== DESCRIPTION OF THE TASK ==
Return each line below exactly as it reads, and omit any image in it.

== MATERIAL PROVIDED ==
Segment Open

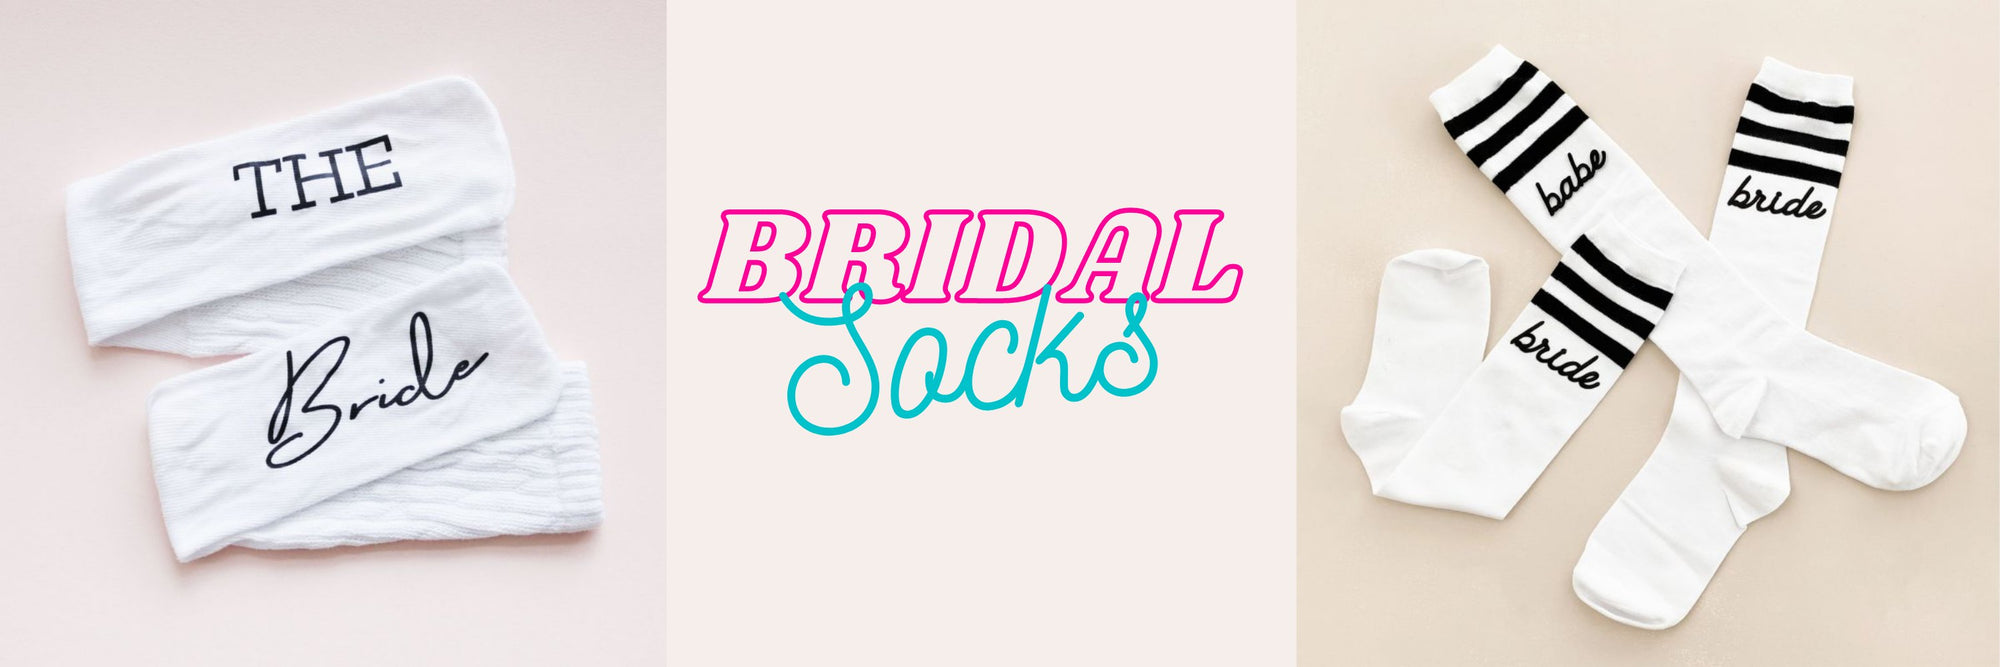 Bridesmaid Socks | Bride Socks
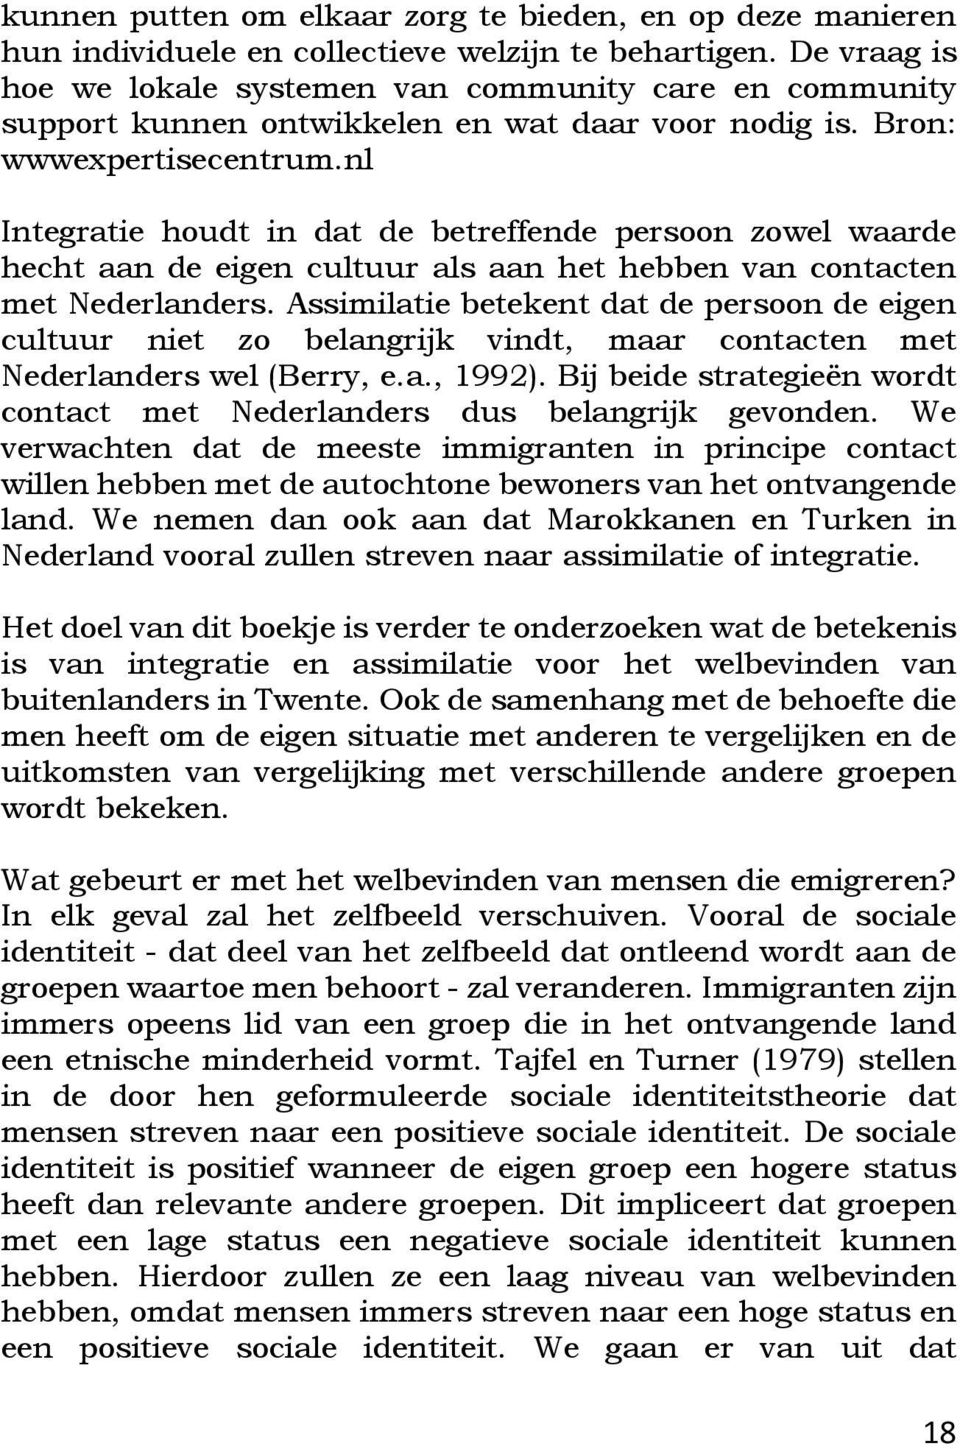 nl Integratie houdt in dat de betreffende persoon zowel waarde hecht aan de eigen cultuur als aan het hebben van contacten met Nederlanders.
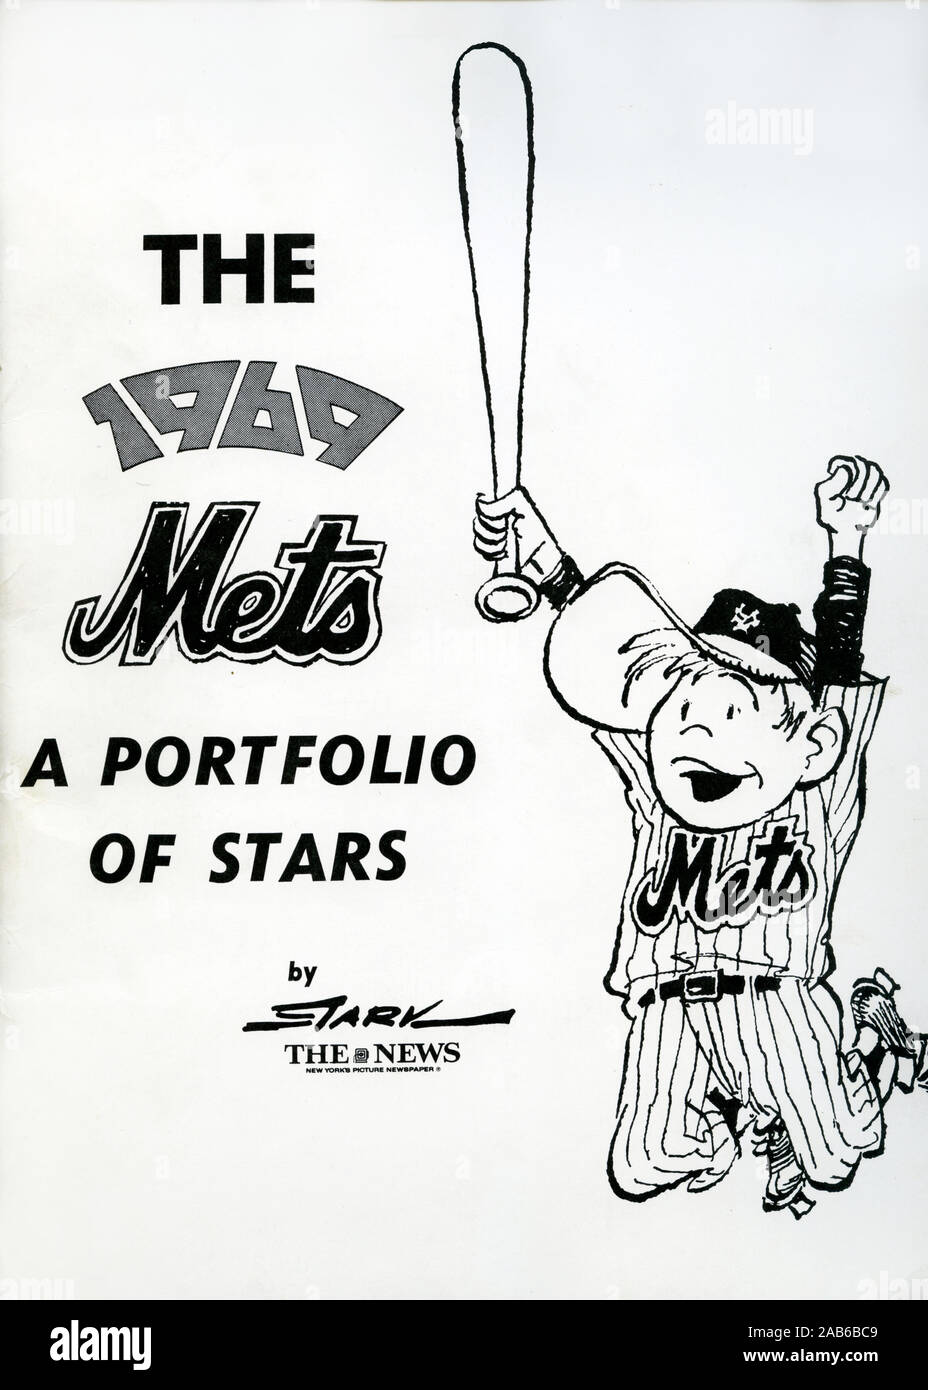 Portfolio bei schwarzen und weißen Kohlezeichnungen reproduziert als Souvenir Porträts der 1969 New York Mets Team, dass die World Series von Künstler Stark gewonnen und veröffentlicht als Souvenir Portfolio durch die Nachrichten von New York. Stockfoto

Segment Closed

== EXERCISE ANSWER ==
 Bridesmaid Socks | Bride Socks
 nl Integratie houdt in dat de betreffende persoon zowel waarde hecht aan de eigen cultuur als aan het hebben van contacten met Nederlanders.
 Portfolio bei schwarzen und weißen Kohlezeichnungen reproduziert als Souvenir Porträts der 1969 New York Mets Team, dass die World Series von Künstler Stark gewonnen und veröffentlicht als Souvenir Portfolio durch die Nachrichten von New York. Stockfoto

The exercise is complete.